Maand | 2023 (2015=100) | 2022 (2015=100) |
---|---|---|
Jan | 134,3 | 114,16 |
Feb | 137,23 | 115,92 |
Mrt | 137,82 | 116,42 |
Apr | 137,58 | 118,66 |
Mei | 138,62 | 120,31 |
Jun | 138,97 | 122,83 |
Jul | 139,21 | 124,67 |
Aug | 138,57 | 126,3 |
Sep | 137,34 | 125,54 |
Okt | 137,13 | 127,07 |
Nov | 137,7 | 129,55 |
Dec | 137,69 | 132,32 |
Prijsstijging restaurants en cafés
Naast voedingsmiddelen droeg ook een bezoek aan een restaurant en café (inclusief afhaalmaaltijden) relatief veel bij aan de inflatie in 2023. Restaurants en cafés waren in 2023 gemiddeld 8,8 procent duurder dan een jaar eerder.
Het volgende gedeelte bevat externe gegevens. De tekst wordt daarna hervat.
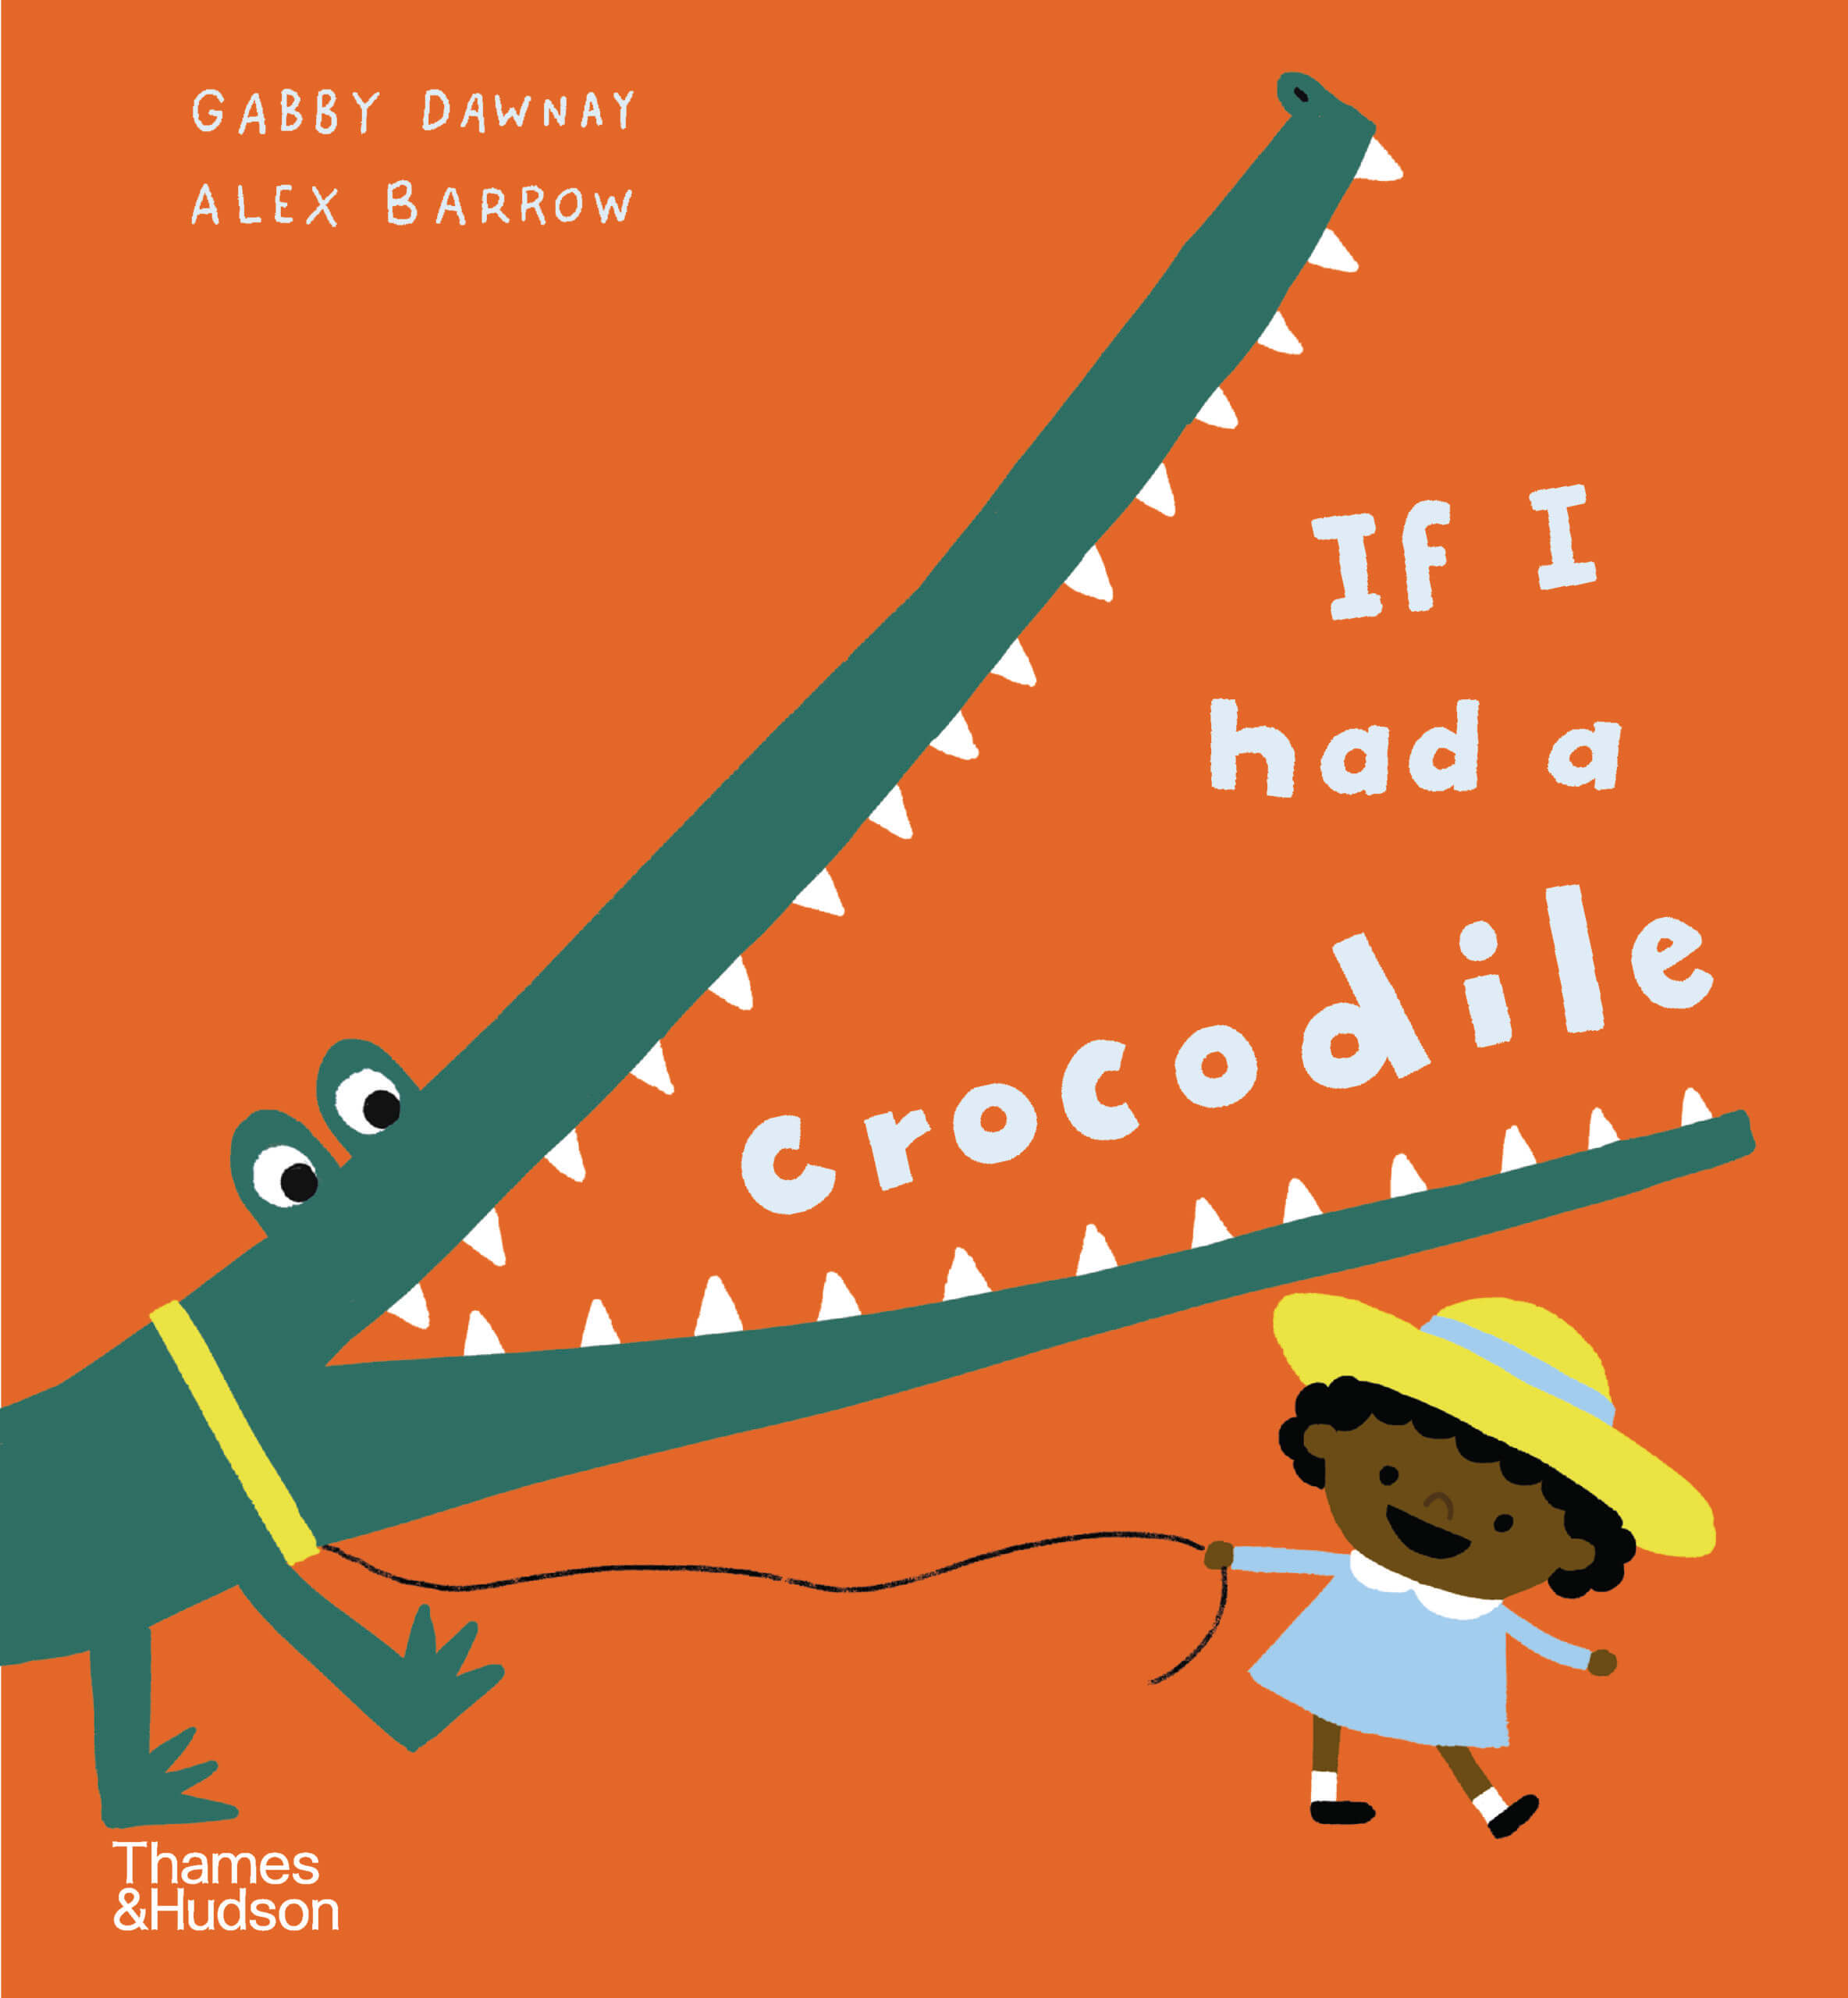 Cover image for 'If I Had A Crocodile'. Simple illustration of a crocodile snapping at a little girl on orange background. Title printed in pale, handwritten style font

In 2022 was de prijsstijging 7,9 procent.
Prijsdaling energie
Energie was daarentegen in 2023 gemiddeld 37,0 procent goedkoper dan in 2022. Dit komt met name door de hoge prijzen in 2022. In de loop van 2022 namen de energieprijzen in de CPI fors toe, met een piek in oktober 2022. Mede daardoor werd er in die periode een hele hoge inflatie gemeten. De prijzen van energie in de CPI waren in 2023 een stuk lager dan in 2022.
Voor het meten en verwerken van de energieprijzen in de CPI gebruikt het CBS vanaf juni 2023 een nieuwe methode. Op 30 juni publiceerde het CBS een achtergrondartikel waarin het in meer detail uitlegt wat de overstap betekent voor de CPI, de inflatie en het gebruik van de CPI voor indexeringsdoeleinden.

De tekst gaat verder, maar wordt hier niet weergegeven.